Technology: Microsoft Azure
Intro into Microsoft Azure
In the current digital age, many companies offer their services online, leading to an increase in the amount of data available. This data can be useful for gaining insights into various business processes. To analyse this data, the use of data analytics solutions has grown significantly in recent years. Finaps utilises several of these solutions, including Azure, created by Microsoft as their public cloud platform. In this article, we will discuss all the data-related possibilities of this platform.
What is Microsoft Azure?
Azure offers a wide range of services, including hosting, networking, security, and data-related products. These products include Platform as a Service (PaaS), Infrastructure as a Service (IaaS), and managed database service capabilities (https://learn.microsoft.com/en-us/azure/cloud-adoption-framework/get-started/what-is-azure). The cloud service operates on a pay-as-you-go model, in which users only pay for the hours and services they actively use. Some services offer an easy-to-use user interface for business developers, while others provide a collaboration platform that supports open-source languages. Azure’s services are diverse, and some are discussed in more detail below. For a comprehensive description of these products, refer to the Microsoft documentation.
What can Azure do?
In the entire collection of services, lots of data-related products are available. Together they can make up all the steps of the data analytics lifecycle. From data warehousing and ETL (Extract, Transform and Load) to advanced machine learning.

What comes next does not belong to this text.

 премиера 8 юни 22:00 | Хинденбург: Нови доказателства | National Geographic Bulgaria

An important first step for a company is to find a data storage solution. Azure offers several products that allow users to store both structured and unstructured data, such as Azure SQL database, Azure Cosmos DB, and Health Data Services. For a more durable solution, Azure Data Lake Storage can be utilized.
Using other products, a proper ETL flow can be created to ingest data from external sources in the above storage options. An example of such a product is Azure Data Factory. This service allows regular data extractions from several external databases. Then, basic data transformations can be performed, and the resulting data can be loaded into one of your preferred data storage solutions. Another product that can be used is Azure Synapse Analytics. However, here other functionalities, besides ETL, can be used as well.

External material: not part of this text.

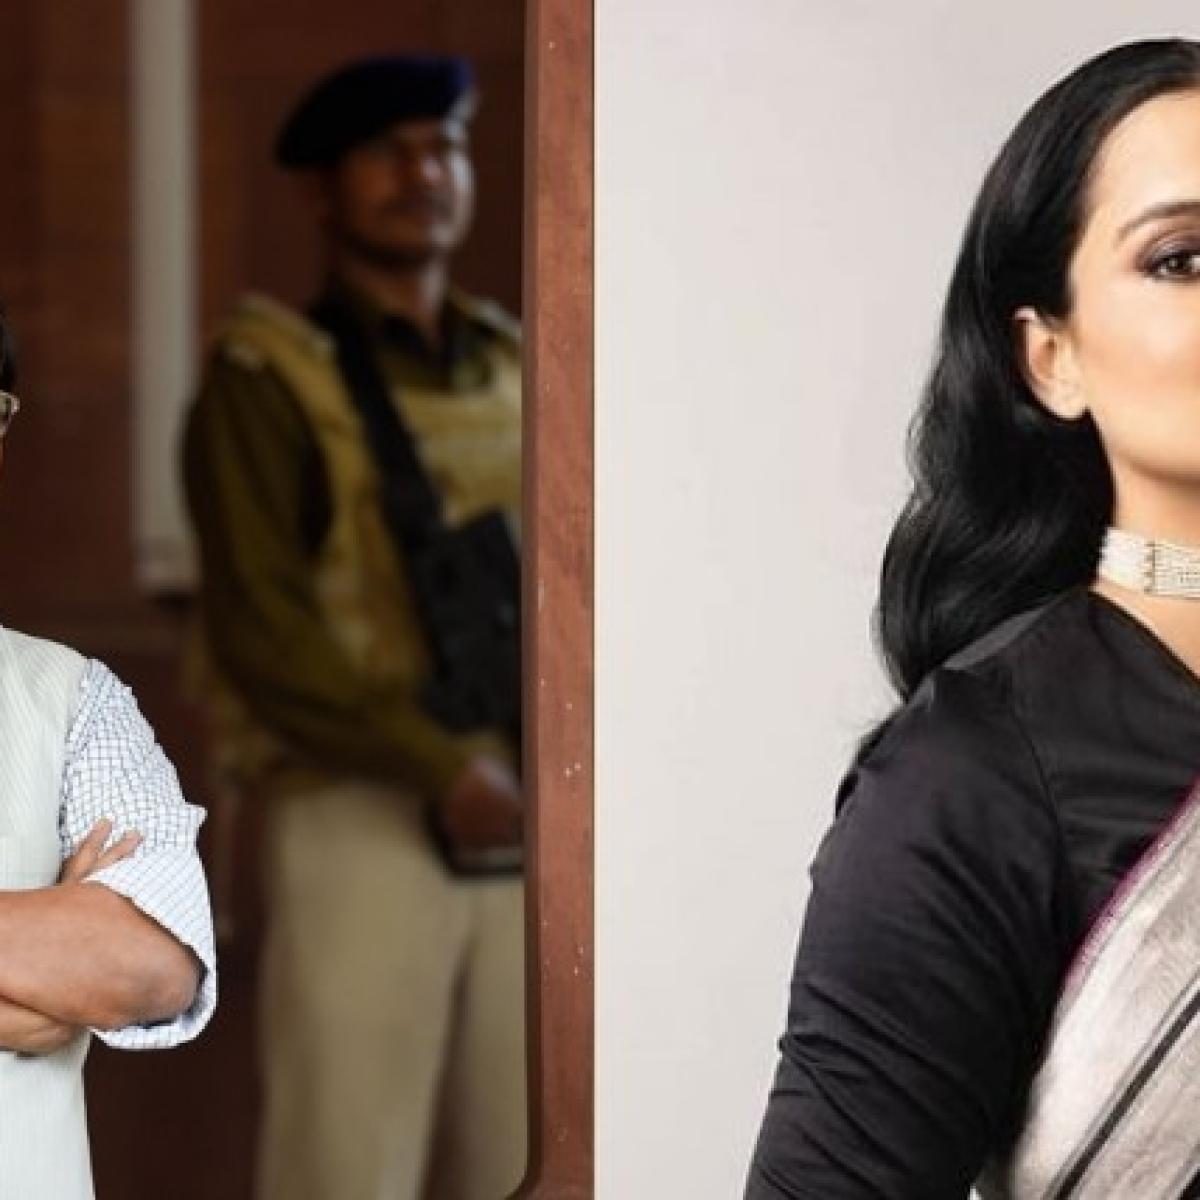 Kangana Ranaut's episode is over for Shiv Sena: Sanjay Raut

Once your data is stored securely, it can be analysed to discover insights and patterns. Azure offers several products that allow developers to use low-code or multiple programming languages for this purpose, such as Azure Databricks, Azure HDInsights, Azure Synapse Analytics, Azure Analysis Services, and Azure Data Explorer. Databricks provides a collaborative environment for Apache Spark development, while HDInsights enables the use of cloud clusters such as Hadoop, Spark, R Server, HBase, and Storm. These tools offer various options for data analysis.
Incorporating Machine Learning and other advanced services into your data analytics lifecycle can be beneficial. Azure offers several products that allow users to do this, including Azure Machine Learning and more specialized products such as Azure Bot Service, Microsoft Genomics, Azure Video Indexer, and Azure Form Recognizer. These tools focus on advanced topics like text and video analysis, and chatbots. Azure Cognitive Services is a product that enables users without extensive AI or ML knowledge to utilize these techniques.